Then more screaming at me from AMU at all hours. Wrestling matches in which I would try to recover my phone. Some less enjoyable physical contact. She was pissed. I remember my response at the time was pretty simple. "We are getting divorced. What did you think was going to happen?" Seemed obvious to me, but I am simple guy.

Two nights of that fun and through tears and screams and name calling she finally said "I don't want to get divorced" like it was supposed to be obvious to me. I was like "Well why are we in divorce mediation then? Why are you giving me custody schedules?" She said she thought that in order to save the marriage she had to risk losing it and that was what she thought she had learned here on TAM. I was like "What!?!? How about instead you just try to be nice to me?" So then we started working on the idea of staying married again. But not without a lot of fracture. 

It's all written here and in initial foray over and over.


----------



## LongWalk

HB,

AMU has plenty to answer for.

Right now she is trying as she should have years ago. Can she make it up to you in a renewed relationship? Only you can say. If you are done, divorce her.

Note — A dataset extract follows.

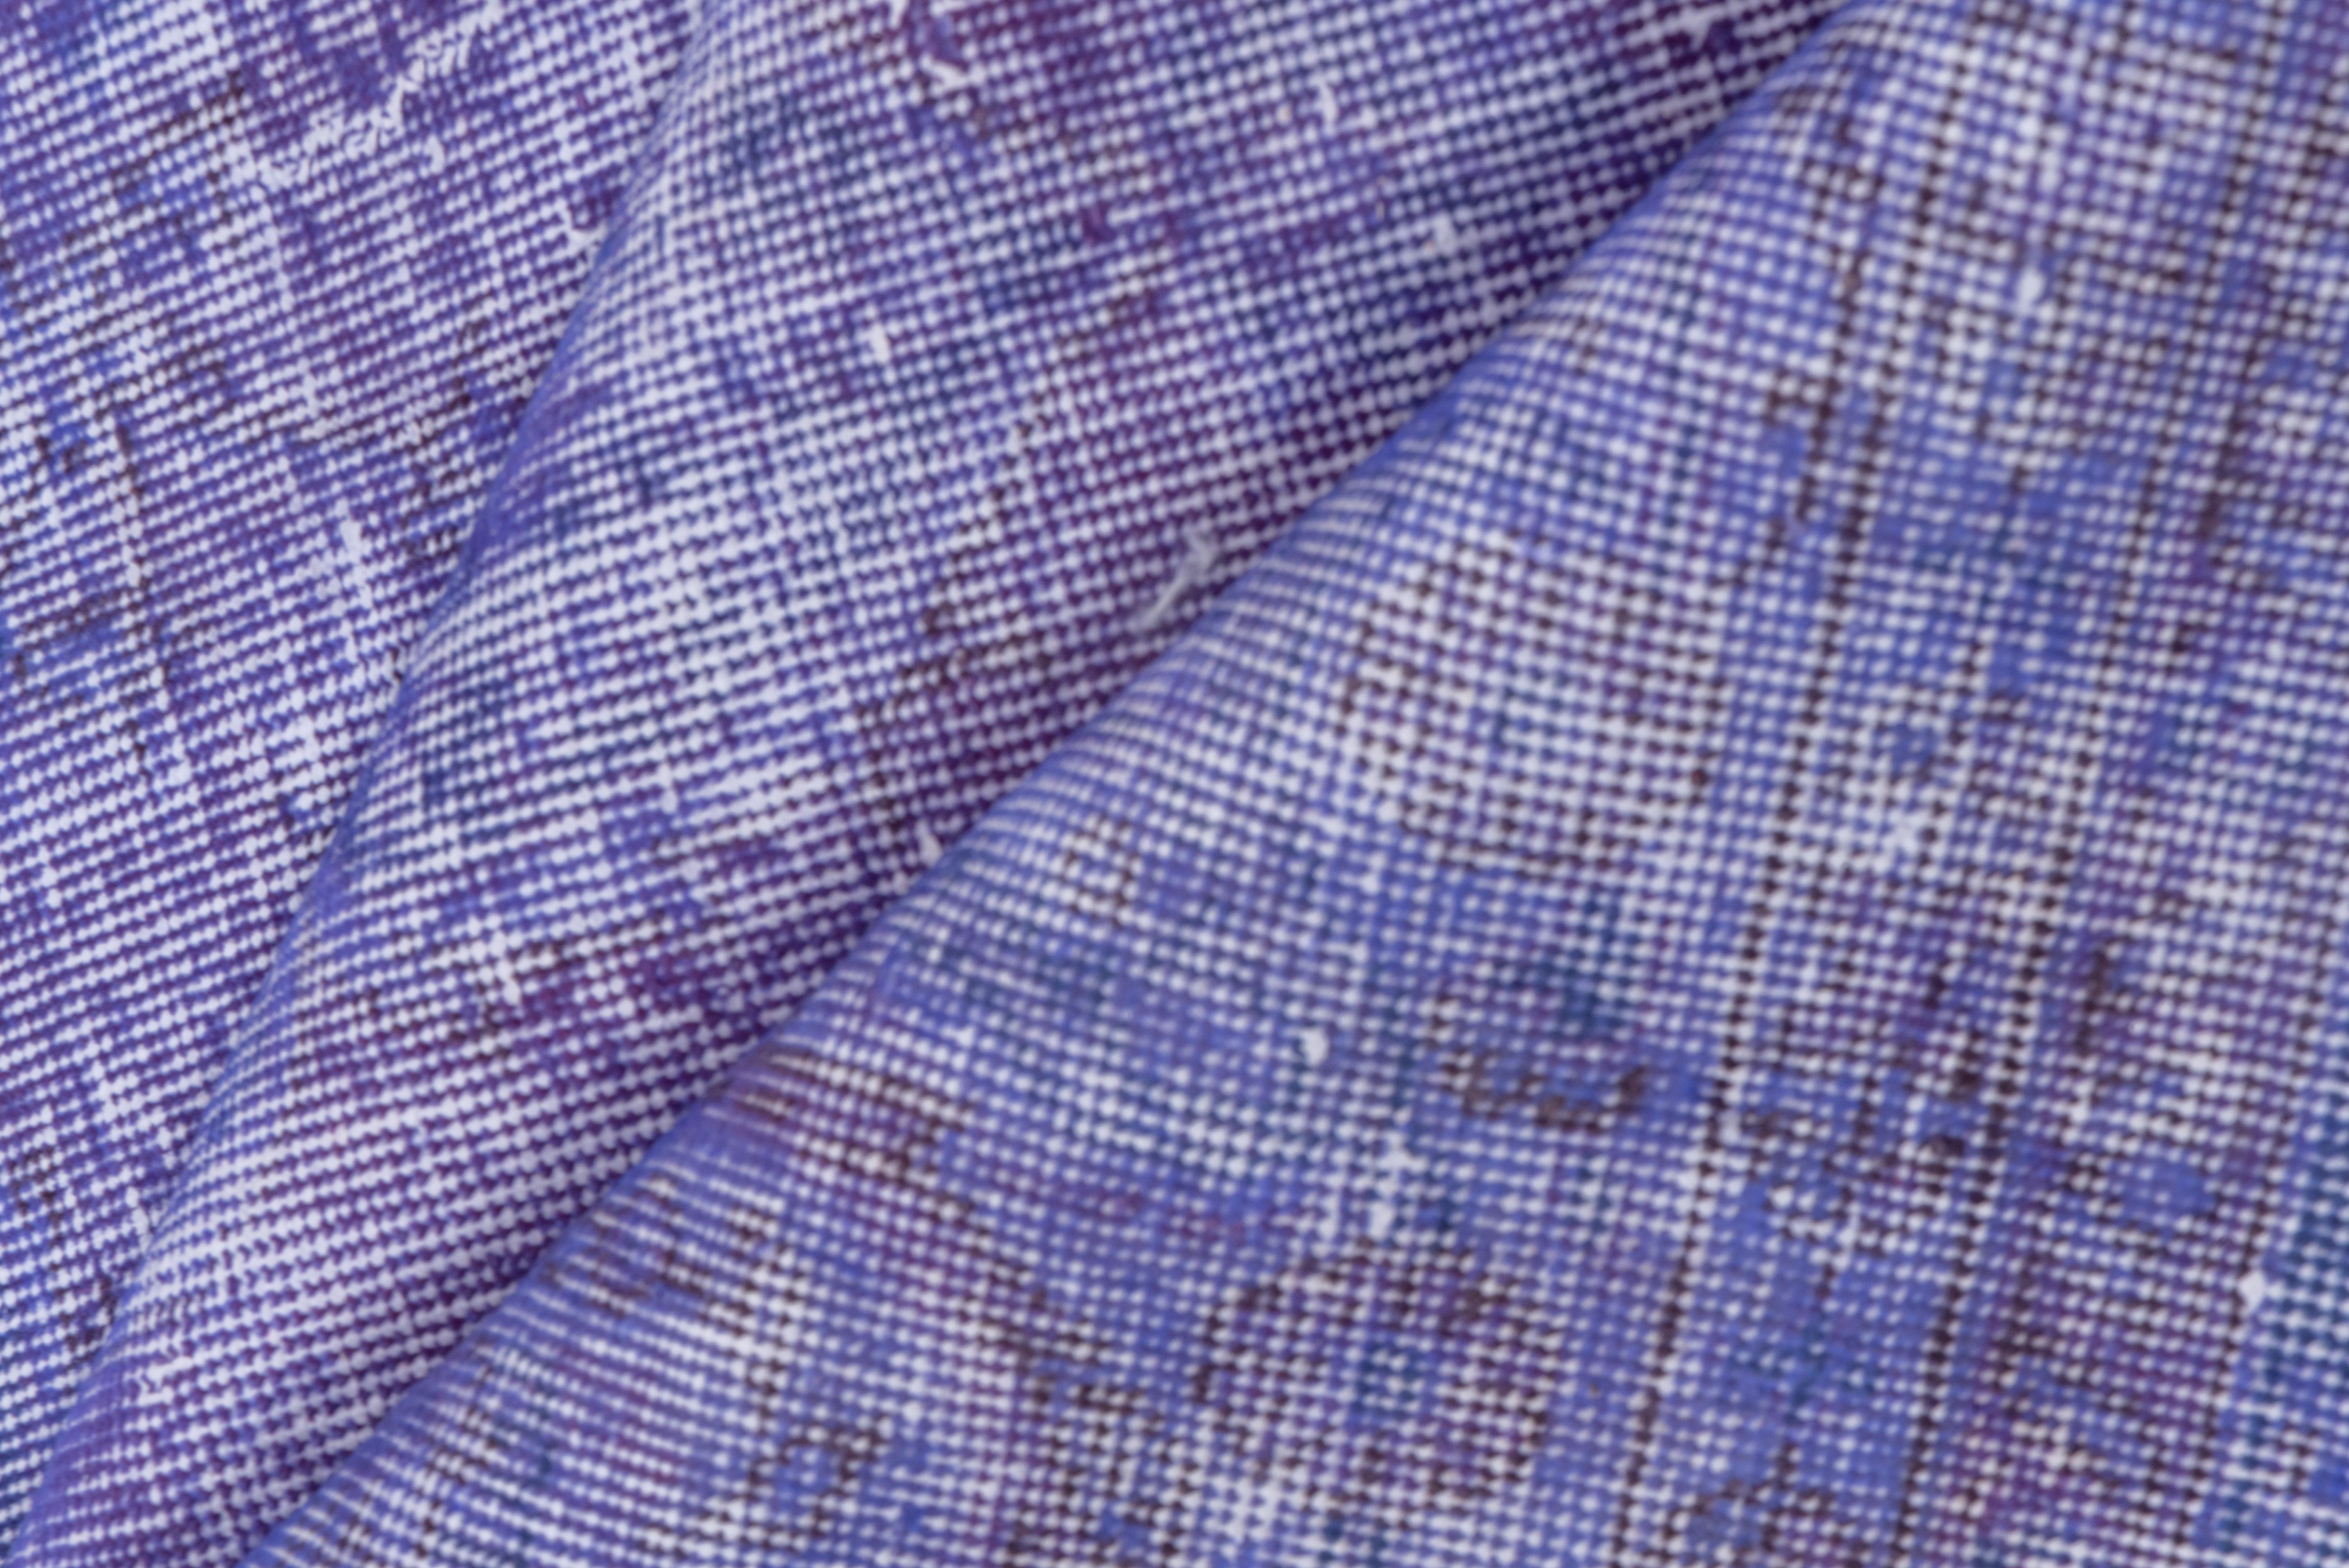 Dieser hellviolette, türkisch gefärbte Sparta-Teppich hat ein Muster, das durch die Abnutzung jenseits der allgemeinen Notlage definiert ist. Vertikale und horizontale weiße Streifen kreuzen sich in der Nähe der Mitte. Shabby-Chic-Bedingungen und

However, if you are going to attempt R, you need to do it in the frame of mind that you were in when you cut way back on the booze.

The debts you owe each other can never be paid or fully accounted. 

What do you want from life? Here is part of Wikipedia's entry for _*carpe diem*_.



> In Horace, the phrase is part of the longer "carpe diem, quam minimum credula postero", which can be translated as "Seize the day, put very little trust in tomorrow (the future)".
> 
> The ode says that the future is unforeseen and that one should not leave to chance future happenings, but rather one should do all one can today to make one's future better. This phrase is usually understood against Horace's Epicurean background.[5]
> 
> The phrase "carpe diem" is often used differently in contemporary popular culture, to justify reckless behaviour (YOLO, you only live once).


----------



## Harken Banks

LongWalk said:


> HB,
> 
> AMU has plenty to answer for.
> 
> Right now she is trying as she should have years ago. Can she make it up to you in a renewed relationship? Only you can say. If you are done, divorce her.
> 
> However, if you are going to attempt R, you need to do it in the frame of mind that you were in when you cut way back on the booze.
> 
> The debts you owe each other can never be paid or fully accounted.
> 
> What do you want from life? Here is part of Wikipedia's entry for _*carpe diem*_.


I always liked this one Fortune favours the bold - Wikipedia, the free encyclopedia

But I also like your post and I'll think about it.


----------



## warlock07

oneMOreguy said:


> or he just enjoys screwing with us...grinning. I will give him credit... if he doesn't want to tell us something...he doesn't really lie to us....he just does a nice dance around the question. Tool of his trade. But I spent over 30 years as a federal investigator. I do enjoy trying to piece his posts together into something that makes sense. I am kinda getting a handle on it.....and it just screams emotional pain....unless he drinks....no good comes from dealing with the drink. The key is dealing with the pain....enough said.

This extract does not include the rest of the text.